The £2m alleged criminal fortune of two gangster brothers was profit from legitimate businesses, lawyers for the men argued.
Ex-army corporal Peter Clarke, 37, and his security boss brother Stephen, 48, headed up a dangerous drugs gang with access to firearms, machetes and samurai swords.
The pair were jailed for a combined 26 and-a-half-years in November 2013, along with the rest of the henchmen, over a plot to ship cocaine and cannabis from Merseyside to Northern Ireland.
Now the brothers are locked in a battle with prosecutors who say their alleged £2m fortune was amassed through drugs trafficking and is squirrelled away in murky web of hidden assets.
But Nigel Power, QC, defending, told Preston Crown Court today that scaffolding and security businesses linked to Stephen Clarke turned in a legitimate profit.
He said his companies did business with firms including McDonald’s, Holiday Inn, Odeon Cinemas, PC World, Redrow Homes and even Warrington Borough Council.
Mr Power, referring to one scaffolding company, CNL, said: “One can see legitimately transferred payments going in, and cash being withdrawn.

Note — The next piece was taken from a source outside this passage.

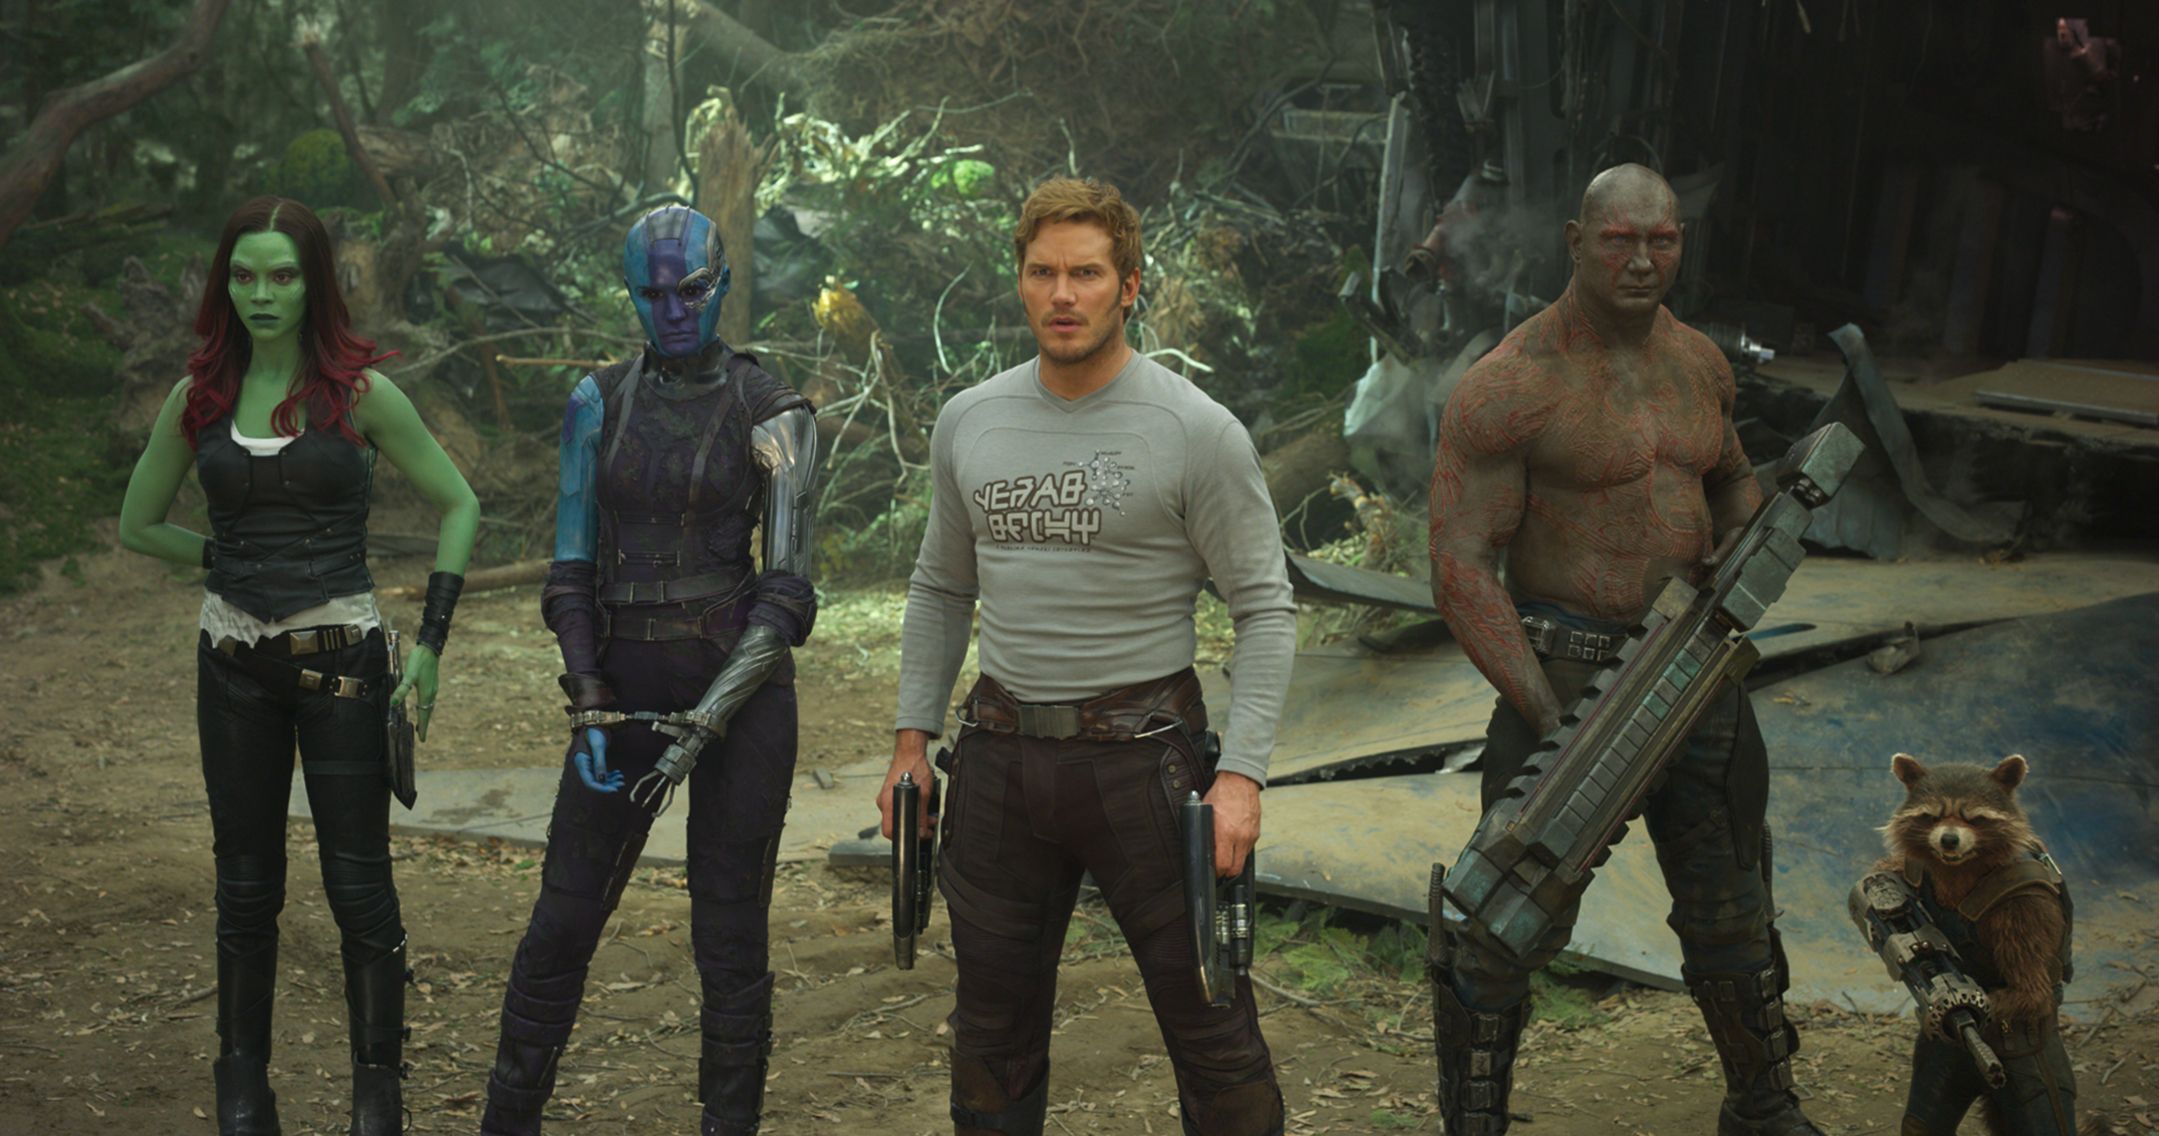 'Guardians of the Galaxy Vol. 2' Chris Pratt, Zoe Saldana and the

This is the opposite of money laundering.”
He clashed with prosecution counsel Nick Johnson, QC, over the practice of “interim dividends” being paid from the company bank accounts to shareholders in the businesses, which he alleged to be the flow of drug money back into the pockets of the defendants.
Mr Power accused the prosecution of being “completely ignorant” of the practice, which he claimed was not unusual or illegal.

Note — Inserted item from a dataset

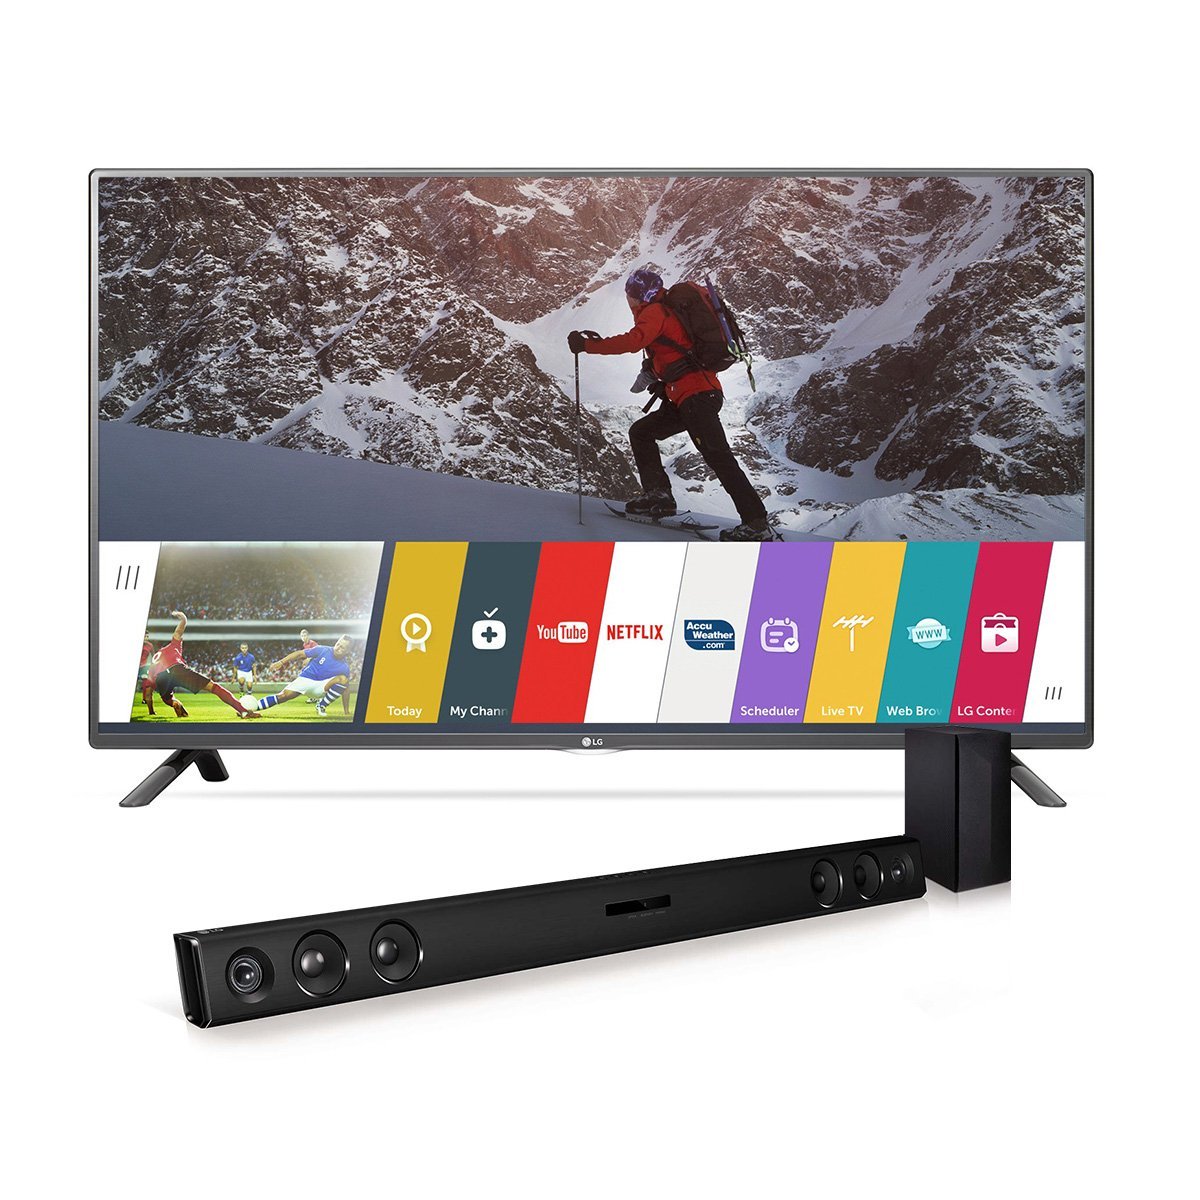  LG Electronics  43-Inch Smart LED TV with  Soundbar

However Mr Johnson pointed to the flow of money from a company linked to developer Peter McInnes, who was a joint 50% shareholder with Stephen Clarke in scaffolding company, Pro Scaff Access.
Mr McInnes made monthly payments of £4,000 to a joint account held by Clarke and his wife Rachel Clarke, which amounted to £178,000 between 2009 and 2012.
Mr Johnson said Mr McInnes was director of a development company called Peckers Hill alongside a man called Anthony Quigley, who recently pleaded guilty to conspiring to supply heroin.
Payments linked to Mr McInnes’ wife, Sheila McInnes, were also found to have been made to accounts linked to the Clarkes.
Mr McInnes and his wife have not been charged with any criminal offence.
Yesterday, Mr Johnson outlined a series of Stephen Clarke’s conversations – recorded on secret police listening devices – which he claimed exposed the family’s true “dirty” fortune.
One chat, recorded on July 9, 2012 between Stephen Clarke and his wife Rachel, took place as they were under observation at the Queens Drive home of Rachel Clarke’s mum Veronica Maxwell.
It referred to a person “sweating” as they were believed to have misplaced a sum of cash, to which Clarke replied: “I always know where my dough is”.
Another recording between Stephen Clarke and an “underling” of his scaffolding firm heard him boast of registering his home, in Banks, near Southport, in his wife’s name.
He said that was “just in case the f***ing bizzies take it off me”.
Another recorded chat, the court was told, featured Clarke recounting being owed £100,000 by a man called ‘Dave’, and “hoping to recover” £140,000 from ‘Belly’, who Mr Johnson said was a Manchester-based drug dealer.
The court heard bank accounts in the name of Stephen and Rachel Clarke currently hold more than £315,000 in cash.
The complex Proceeds of Crime Act hearing is due to last several weeks.